Supplied information:
# # #
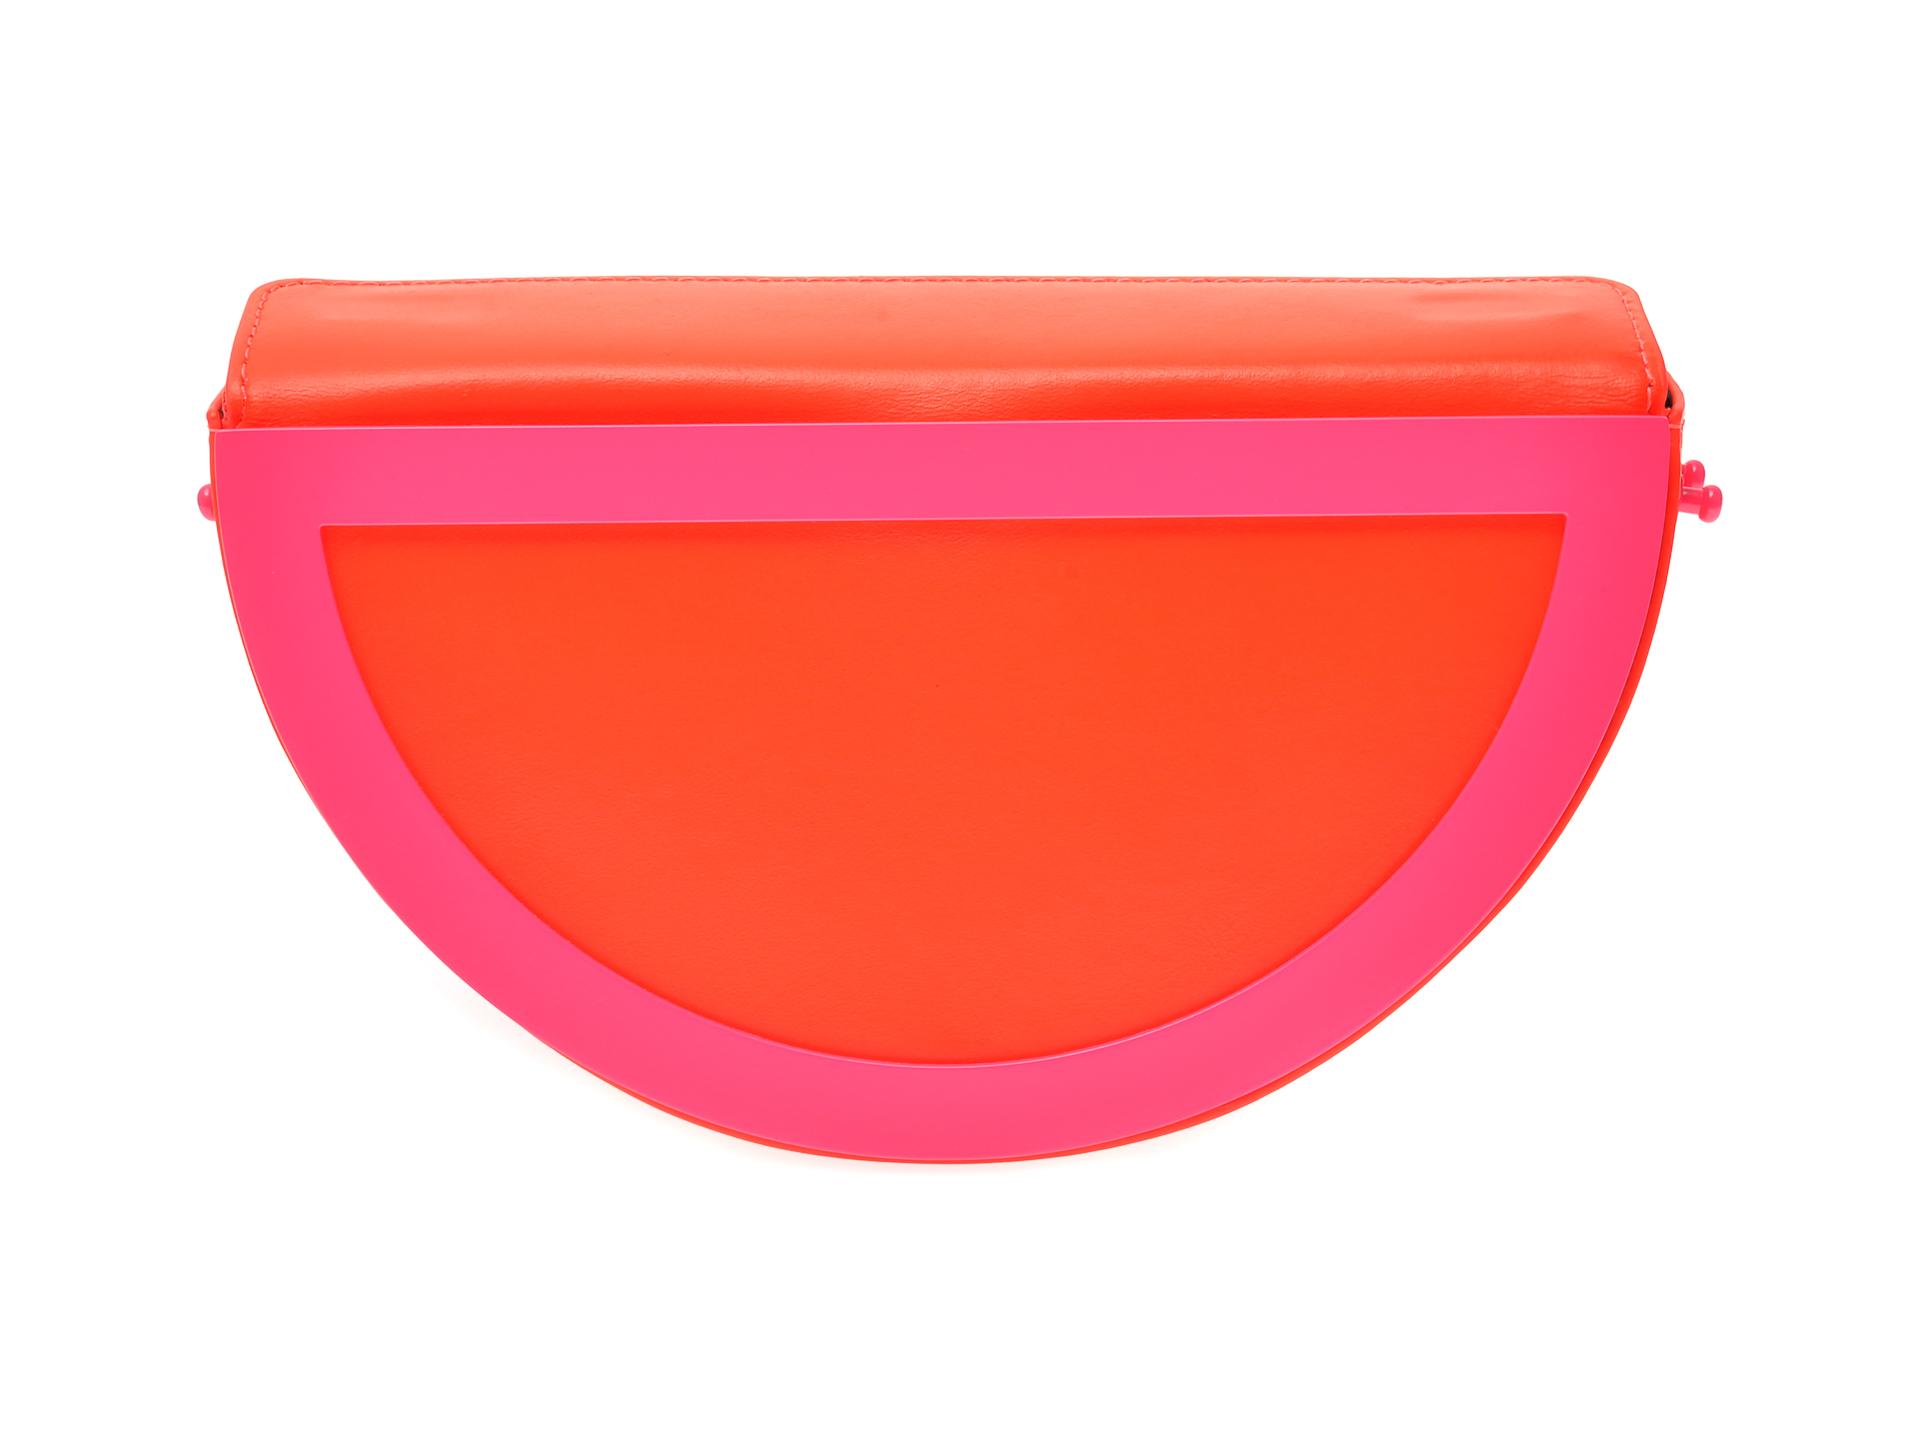 Poseta plic EPICA portocalie, YANG, din piele naturala imagine
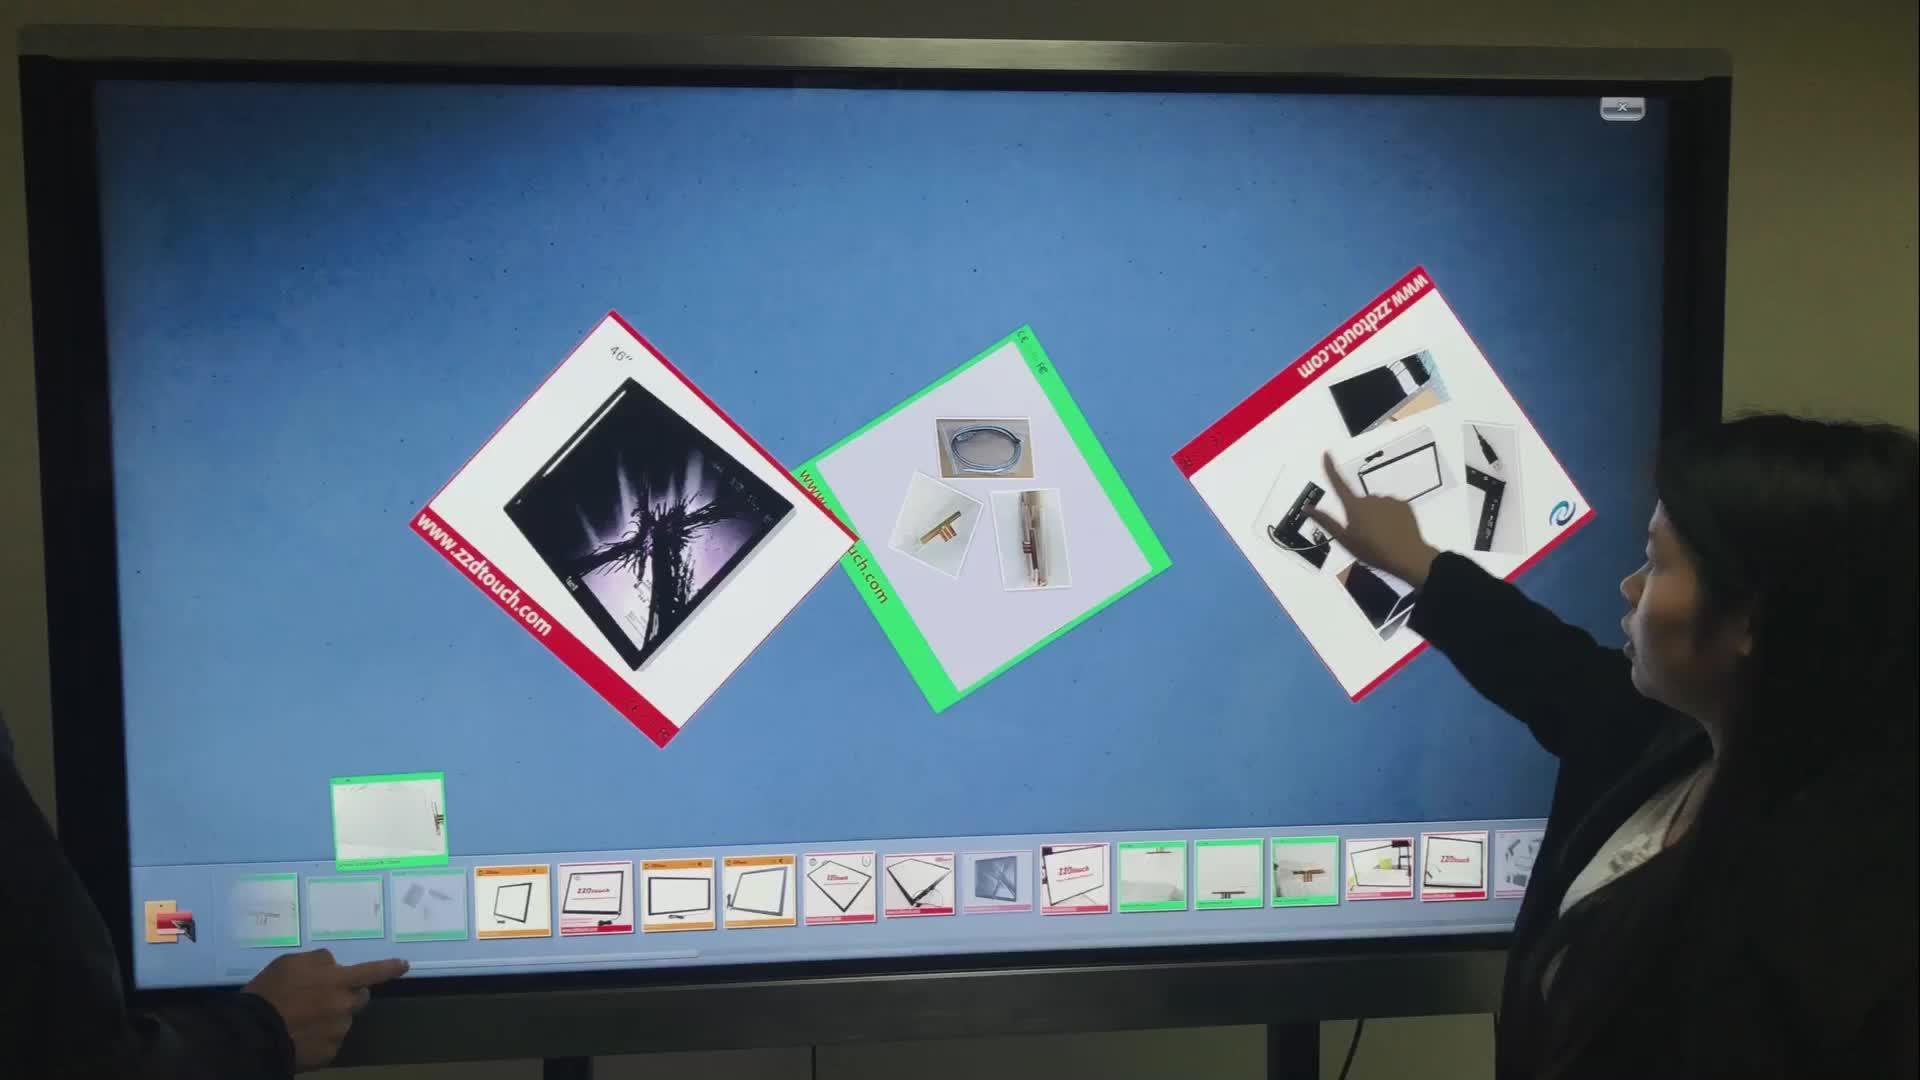 Precio de fábrica/2/4/6/10 puntos táctil 21,5 pulgadas infrarrojos panel de pantalla táctil monitor marco quiosco de diseño personalizado 10-600 pulgadas
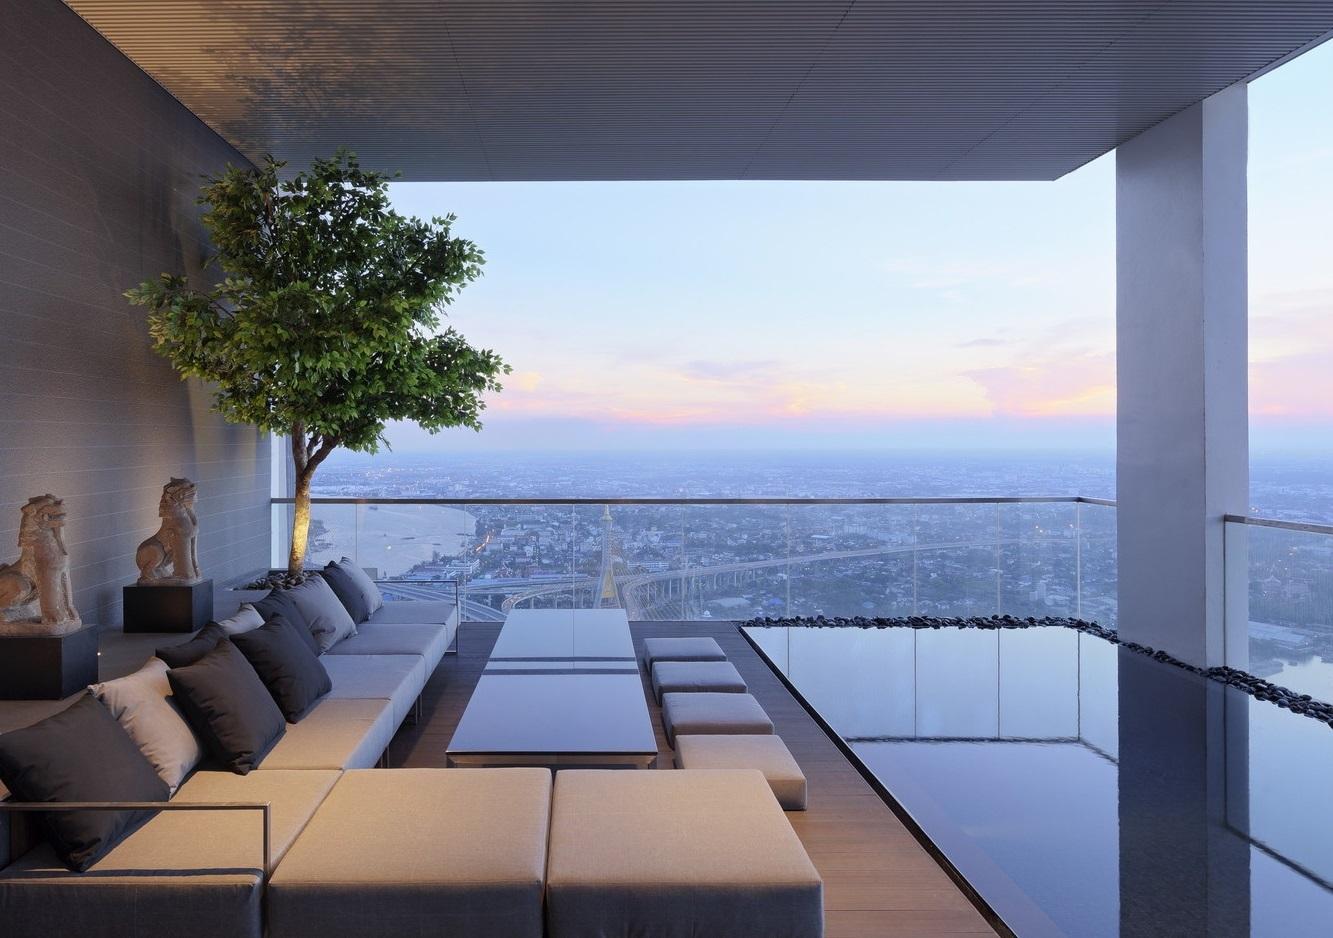 Dizajn penthausa: Arhitektura u oblacima
# # #
Beginning at the line that contains "Precio de fábrica/2/4/6/10", retype each line of the data above through the very last one. Do not retype the pictures.

 Precio de fábrica/2/4/6/10 puntos táctil 21,5 pulgadas infrarrojos panel de pantalla táctil monitor marco quiosco de diseño personalizado 10-600 pulgadas
 Dizajn penthausa: Arhitektura u oblacima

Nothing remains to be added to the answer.